* [Data segment]:
========================

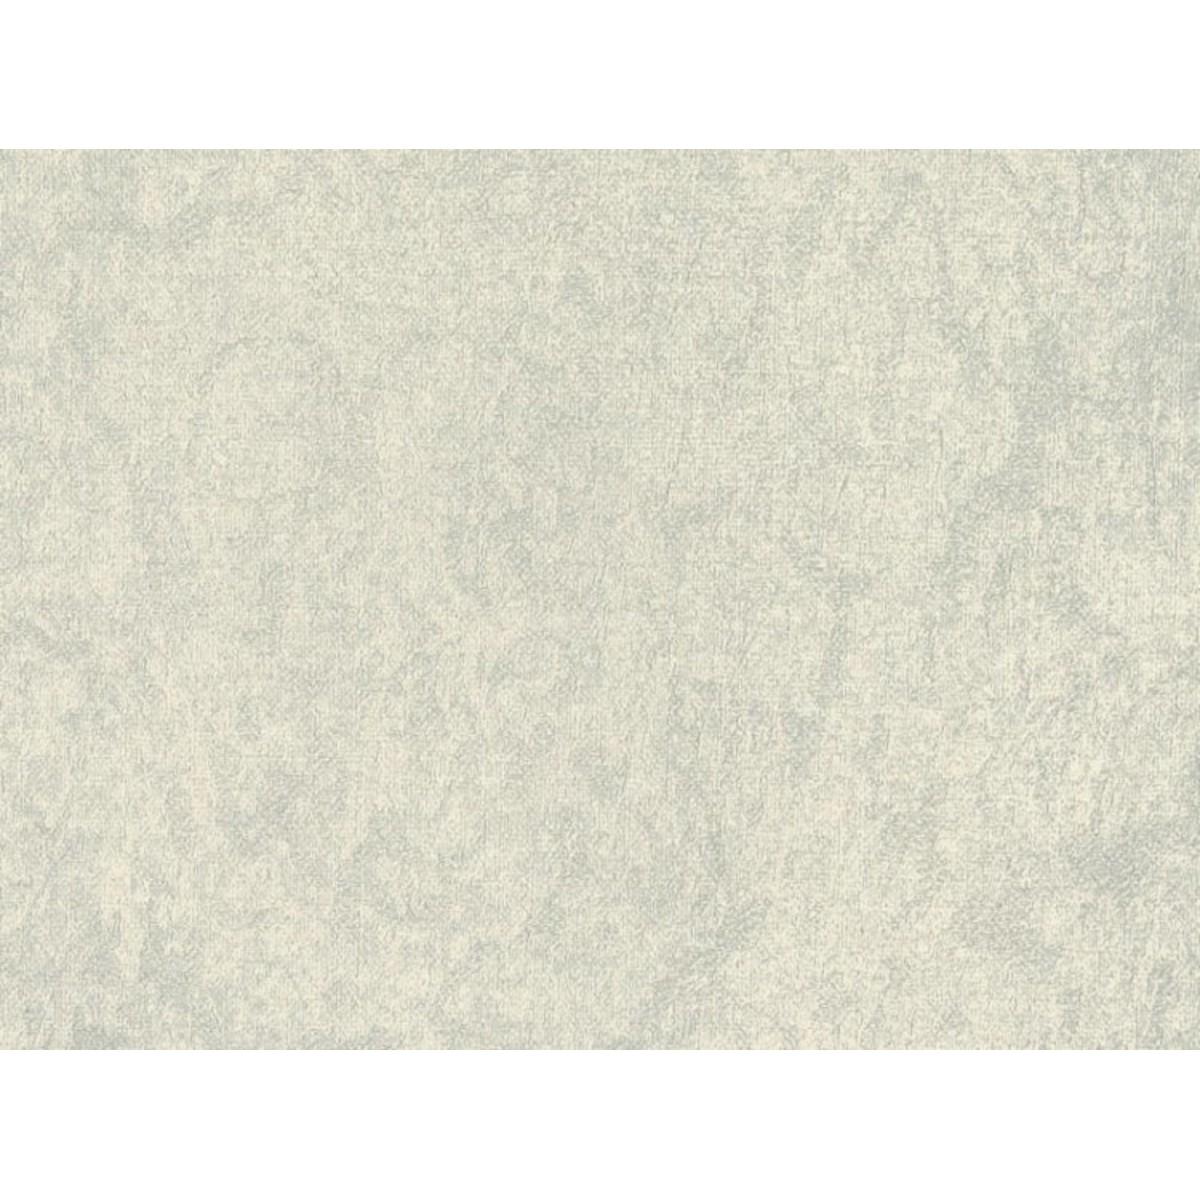 Обои флизелиновые De Visu Homewood серые 1.06 м 805HM
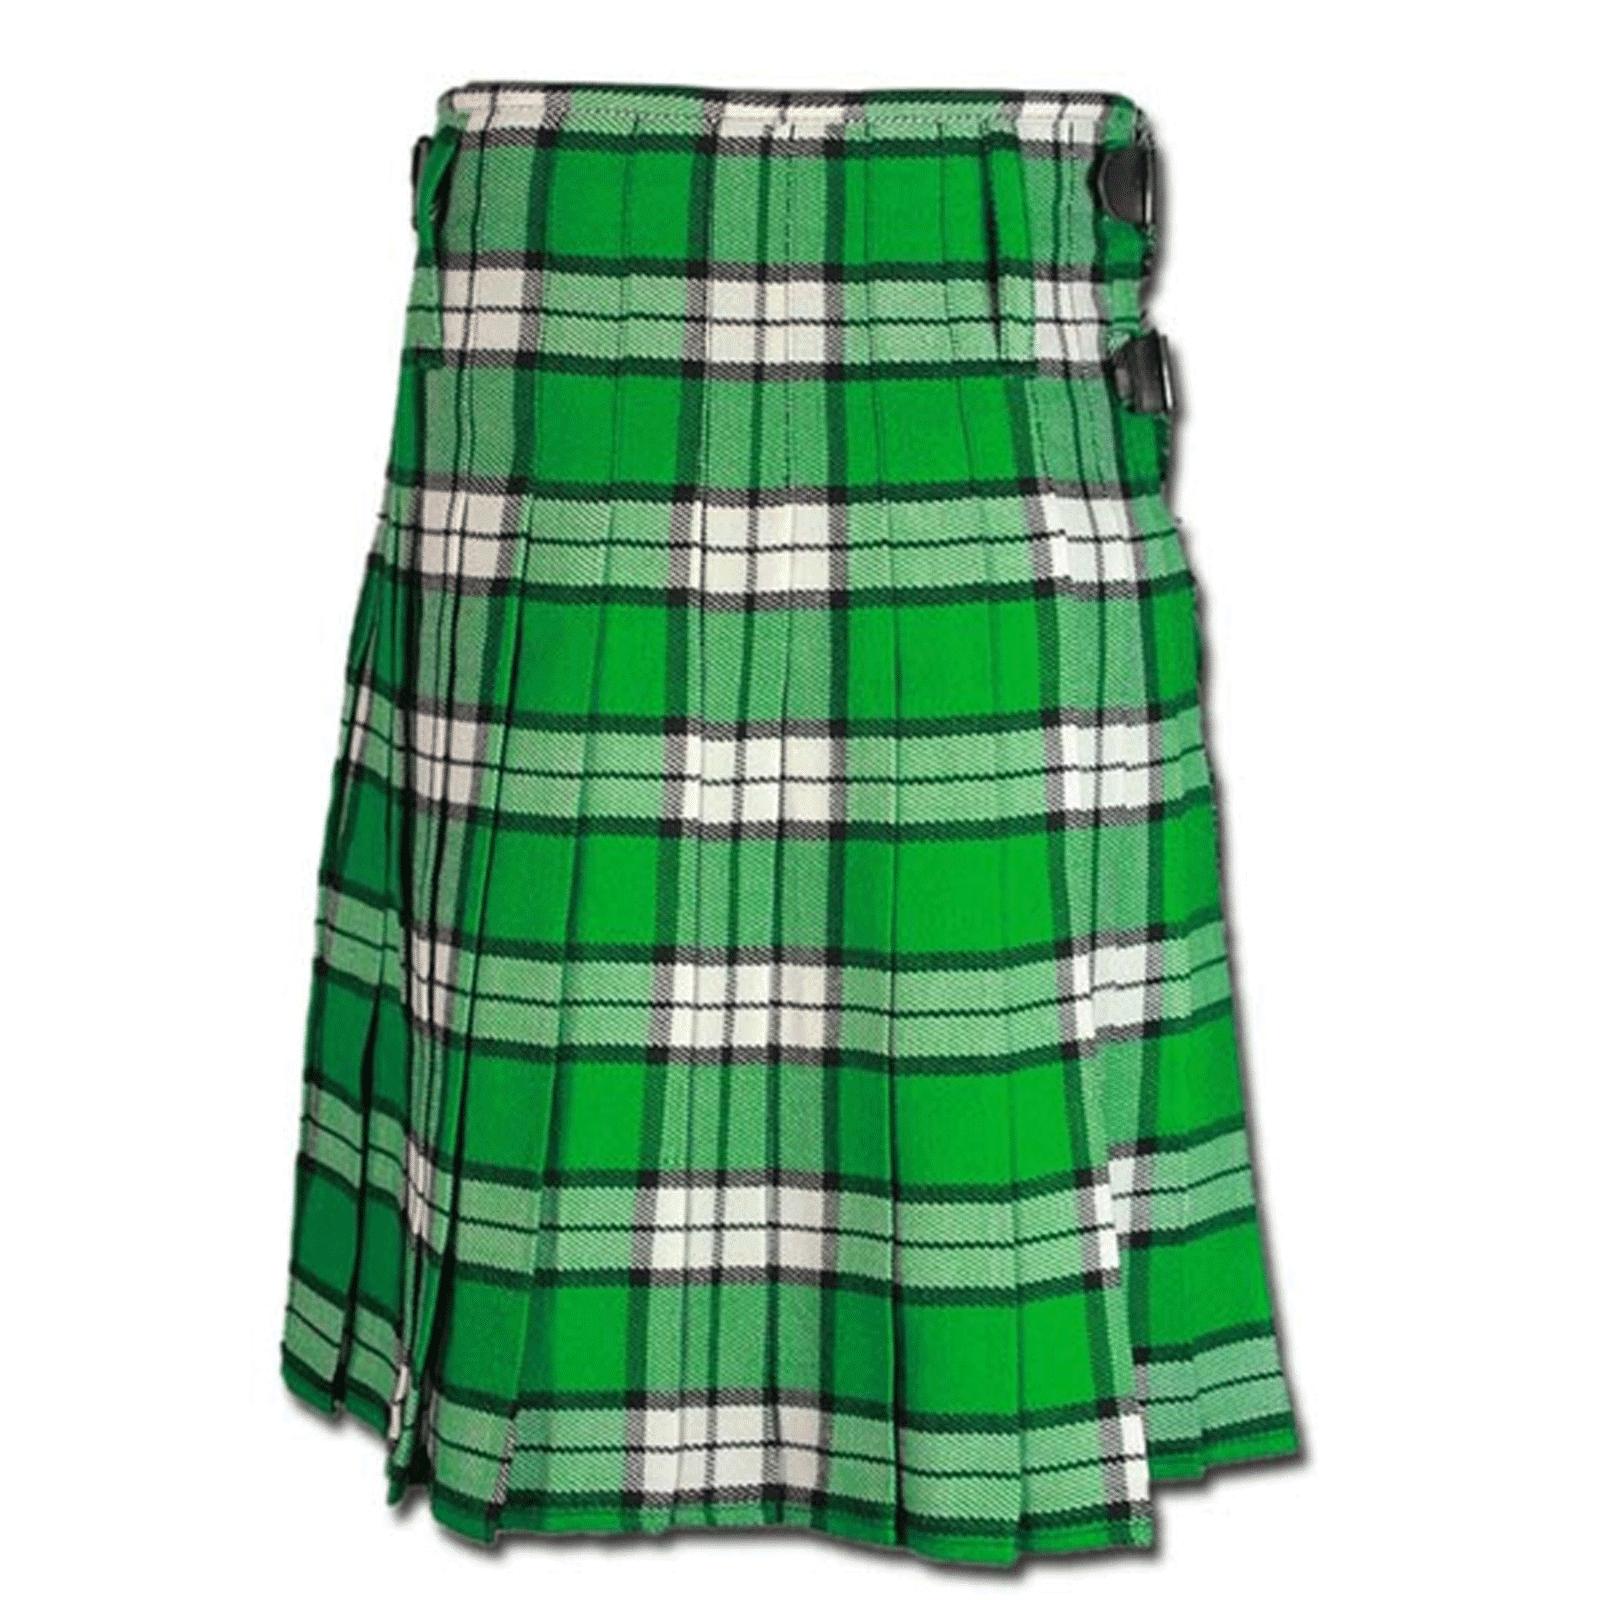 Longniddry Tartan Kilt
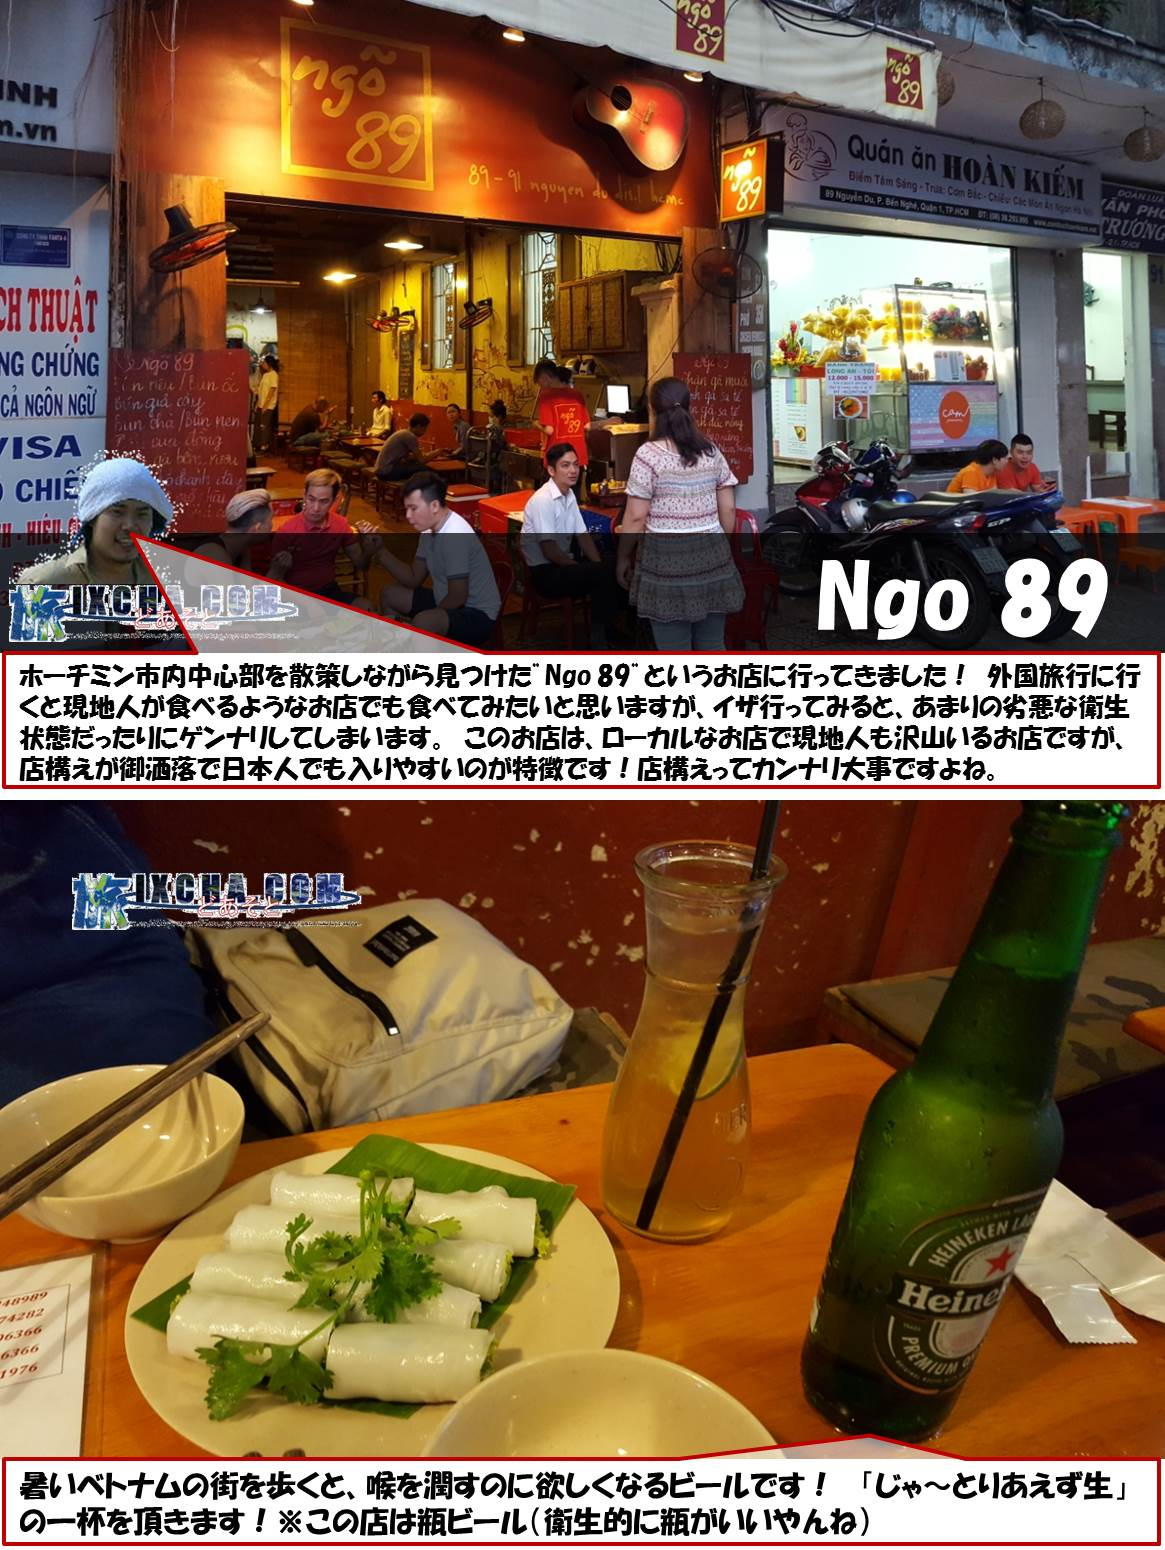 """Ngo 89 ホーチミン市内中心部を散策しながら見つけた""""Ngo 89""""というお店に行ってきました! 外国旅行に行くと現地人が食べるようなお店でも食べてみたいと思いますが、イザ行ってみると、あまりの劣悪な衛生状態だったりにゲンナリしてしまいます。 このお店は、ローカルなお店で現地人も沢山いるお店ですが、店構えが御洒落で日本人でも入りやすいのが特徴です!店構えってカンナリ大事ですよね。 暑いベトナムの街を歩くと、喉を潤すのに欲しくなるビールです! 「じゃ~とりあえず生」の一杯を頂きます!※この店は瓶ビール(衛生的に瓶がいいやんね)"""

========================

* [Task instructions]:
Through the line containing "Longniddry Tartan Kilt" and no further, restate the data above word for word from its first line, leaving out pictures.

* [Solution to the exercise]:
 Обои флизелиновые De Visu Homewood серые 1.06 м 805HM
 Longniddry Tartan Kilt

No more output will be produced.